Show the short list of resources. Explain that I can directly create popular resources here such as a Windows Server 2012.
Click on the Everything link.
In Gallery blade, open the Virtual machines category.
Scroll down the view and show images of different types (refer back to slide 9).
Click on Windows Server 2012 R2, and then click the Create button in the overview blade. For non-Microsoft focused audience, consider to pick a Linux image instead.
Fill in the Create VM form and click on the Create button to provision the VM. Explain this will take a few minutes.
Open the already provisioned VM.
Scroll down the blade to show various of information available on the blade.
Click on the Extensions tile.
On the Extensions blade, click on the ADD icon to bring up the extension list. Introduce that VM extensions are installable components to customize VM instances.
Switch to slides to continue with VM extension introduction.
Slide Objective:
Introduce VM extensions.
Speaker Notes:
No matter how big the image gallery is, your projects may have specific needs that can’t be satisfied by standard images.
Some components such as anti-virus, configuration management agents are required on most machines for compliance and management purposes.
This allows use to innovate faster to meet with your project needs. And you have flexibility to pick and combine extensions for your goals.
Point out some of existing extensions:
Custom Script Extension, which allows you to download and execute PowerShell scripts.
Chef Extension and Puppet Extension for automated management at scale.
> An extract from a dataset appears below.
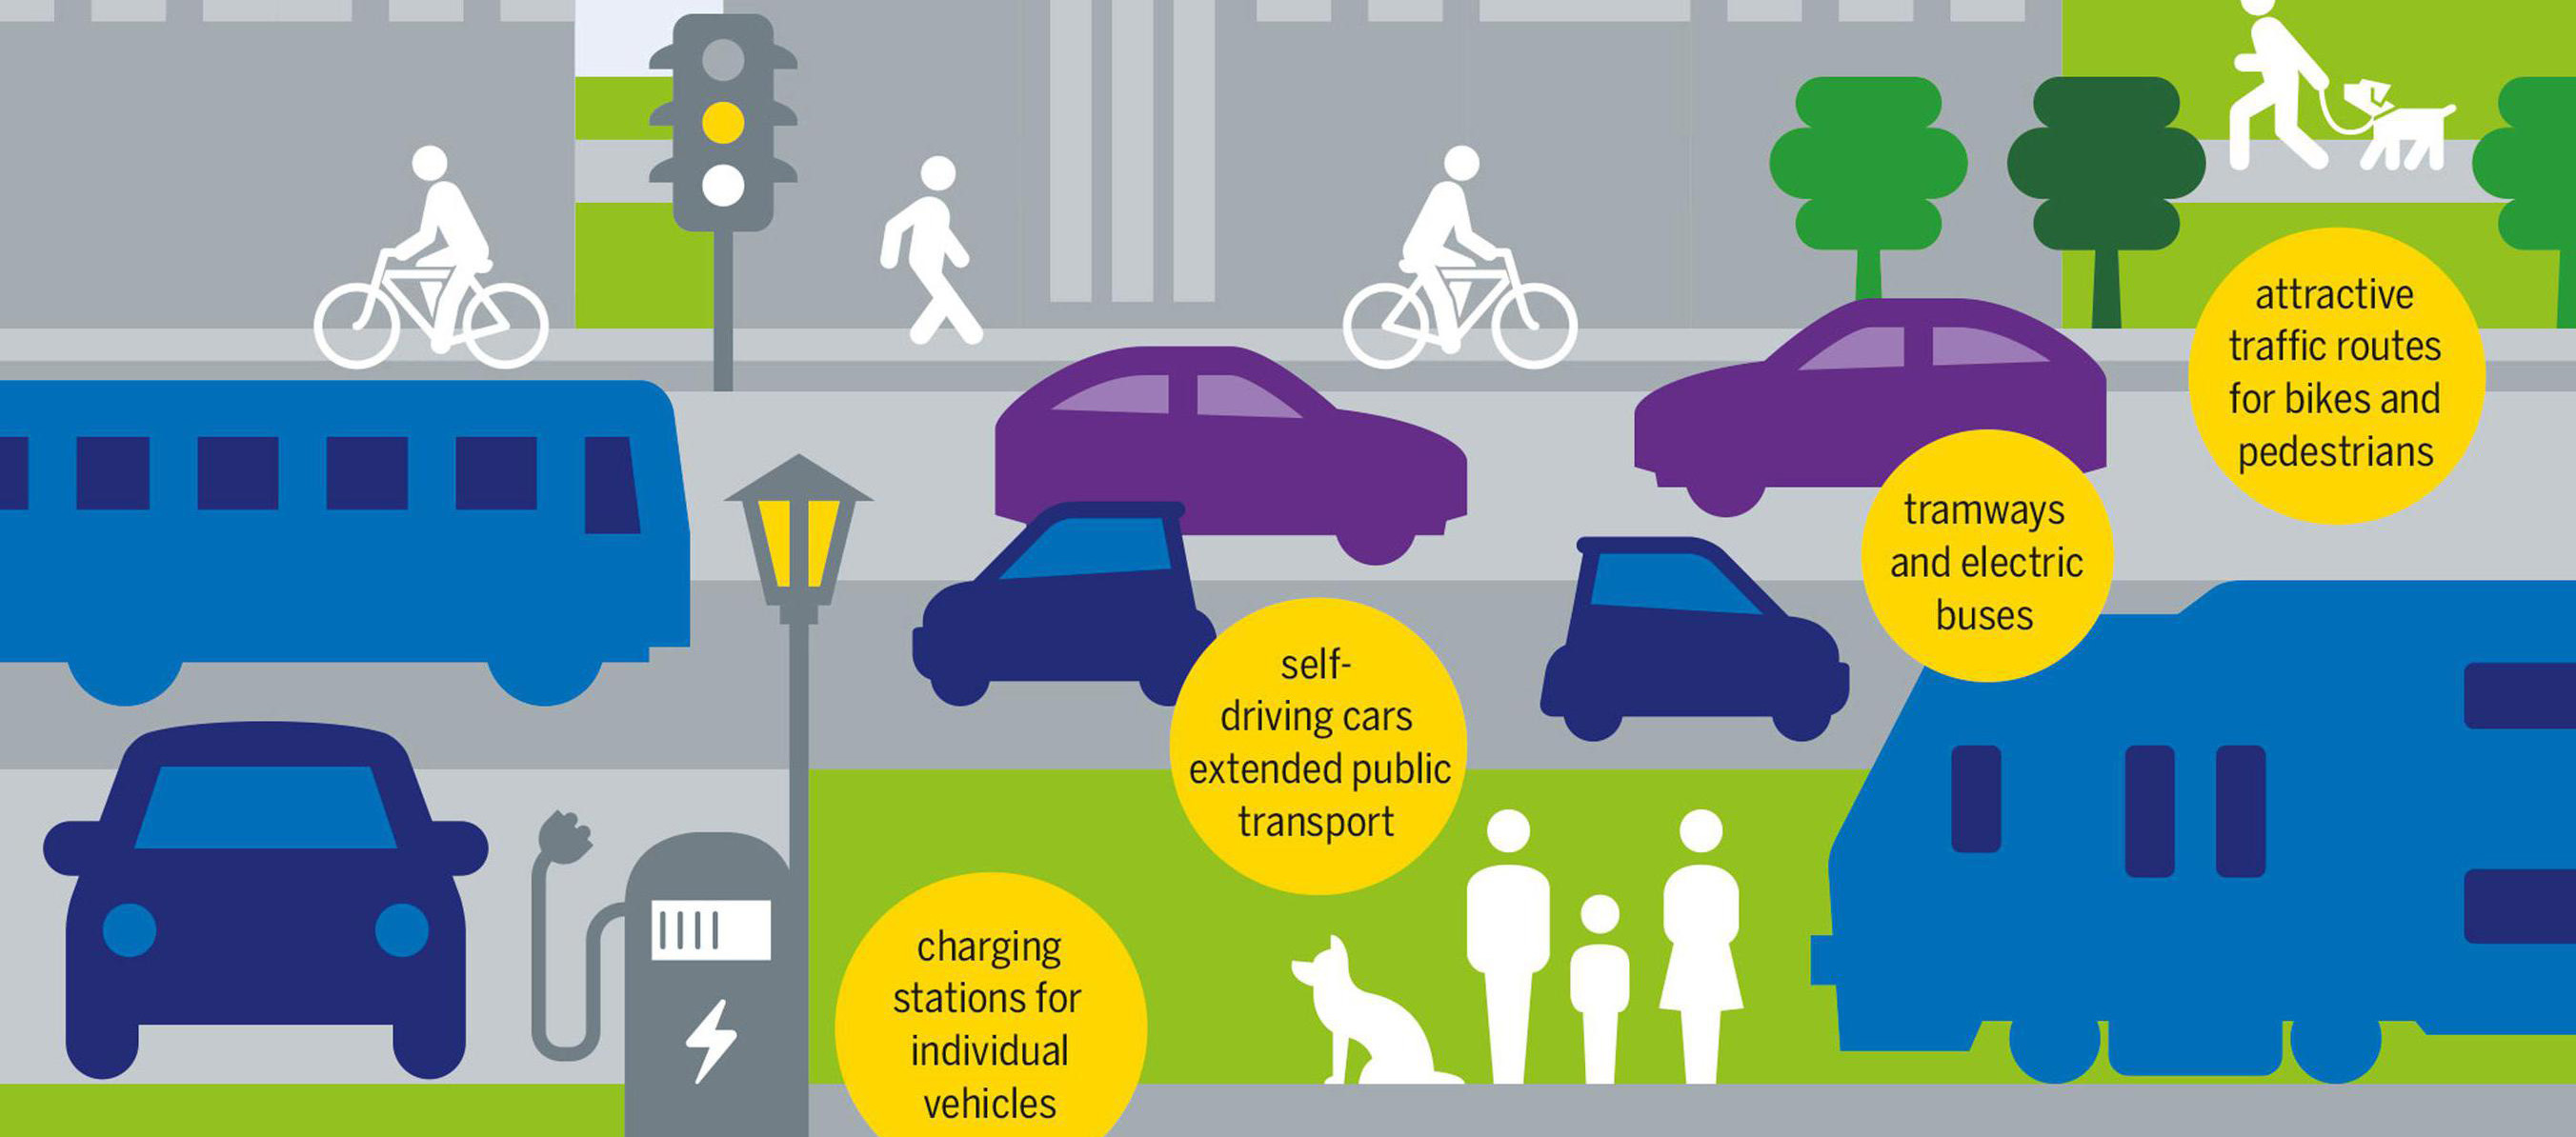 Mobilitätswende Image 1

Symantec Endpoint Protection etc. for protection.
Docker (Linux only).
Visual Studio Remote Debugger.
Slide Objective:
Explain the differences between disks and images with VMs
Slide Objective:
Explain availability sets
Notes:
Availability sets tell the Fabric Controller to place VMs in the same set on different racks for faults and in separate upgrade domains for updates.
This essentially tells the FC not to take the guest OS down of all VMs in the same set for host updates.
Slide Objective:
Explain availability sets
Notes:
Availability sets tell the Fabric Controller to place VMs in the same set on different racks for faults and in separate upgrade domains for updates.
This essentially tells the FC not to take the guest OS down of all VMs in the same set for host updates.